April 10, 1997

Web servers in embedded systems enhance user interaction

RICHARD A QUINNELL, TECHNICAL EDITOR

If an embedded system can mimic a Web page, the system can leverage all the capability of the Internet. The key is using the right Web-server software.

Explosive Internet growth has generated fallout beneficial to embedded-system developers. The technology that makes the World Wide Web so popular can provide embedded systems with a rich but inexpensive user interface and can simplify connections to remote equipment. The trick is to pick the right match for system needs.

The Internet's data-transport protocols allow diverse computer systems to exchange information using a client/server model. In the case of http (hypertext-transport protocol) on the Web, this exchange allows the client to create a rich visual experience for the user with minimal information from the server. The combination provides an opportunity for embedded-system developers to open a window into their devices without extensive development effort.

In effect, Internet technology provides a poor man's graphical user interface (GUI) for embedded systems. A major challenge of providing user-interface software--generating screen images and accommodating a range of user hardware--becomes trivial. The embedded system need provide only Web-compatible http-server software and html (hypertext-markup-language) page information. All the hard work is done by an off-the-shelf Web browser running on the user terminal.

The applications that can use Internet technology are legion. Virtually any embedded system that needs an interface port for user monitoring and control can apply Internet technology to that need. An embedded Web server can source system-status information and accept configuration data, software updates, and control commands. It doesn't matter if users connect directly to the system or through a LAN (intranet) or the public Internet. The same browser and embedded software work regardless of the physical connection.
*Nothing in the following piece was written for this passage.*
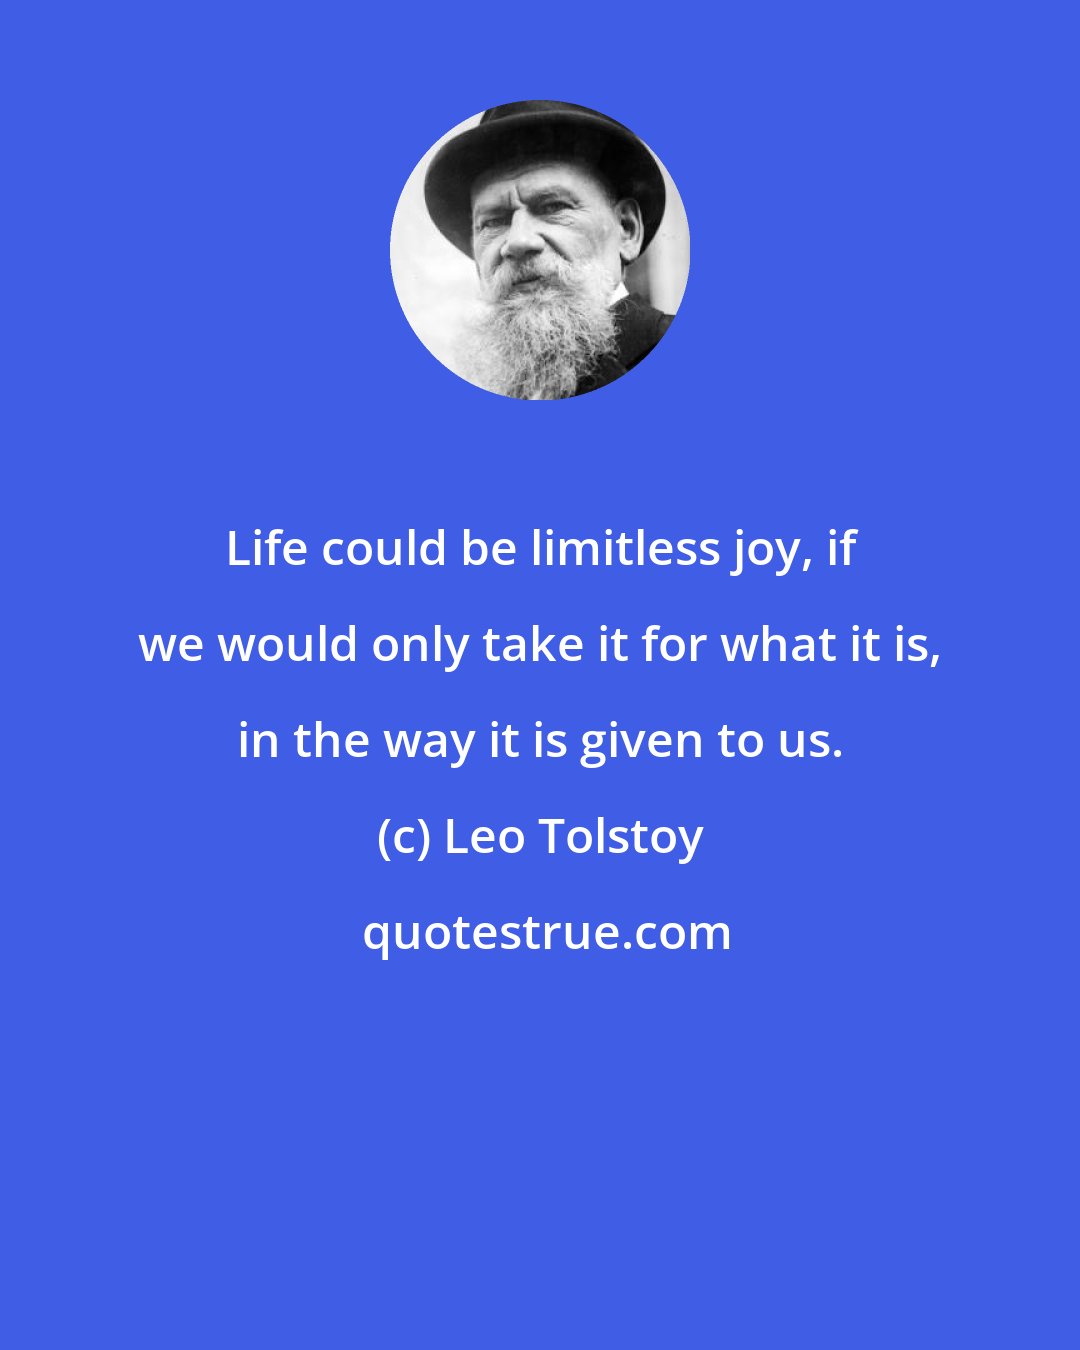 Leo Tolstoy: Life could be limitless joy, if we would only take it for what it is, in the way it is given to us.

Remote monitoring and control are not new features. For years, developers have included serial diagnostic ports in systems with interfaces to PCs, terminals, or networks. Some developers have included telephone connections for dial-up access. These interfaces have always been custom-designed, however, and dedicated to specific user equipment. In many cases, developers created abbreviated user interfaces with cryptic coded commands to attain compact code for the interface's embedded side.

Internet-technology use performs the same function as do these custom interfaces but with extensive formatting options at a reduced development cost. Interface development becomes the simpler task of designing html pages and application software to respond to browser queries. As a bonus, the interface becomes one that is familiar to a growing number of users.

By leveraging the power and robustness of off-the-shelf Web browsers, an embedded Web server can give your system tremendous flexibility. The user interface now stays with the system, rather than being a separate software package for installation in the user's host equipment. Any user system with a Web browser can interact with your system with no additional development effort on your part. Customized user interfaces become relatively simple. The html page definitions contain all of the differences in appearance, language, and graphics, such as company logos. The system software remains the same.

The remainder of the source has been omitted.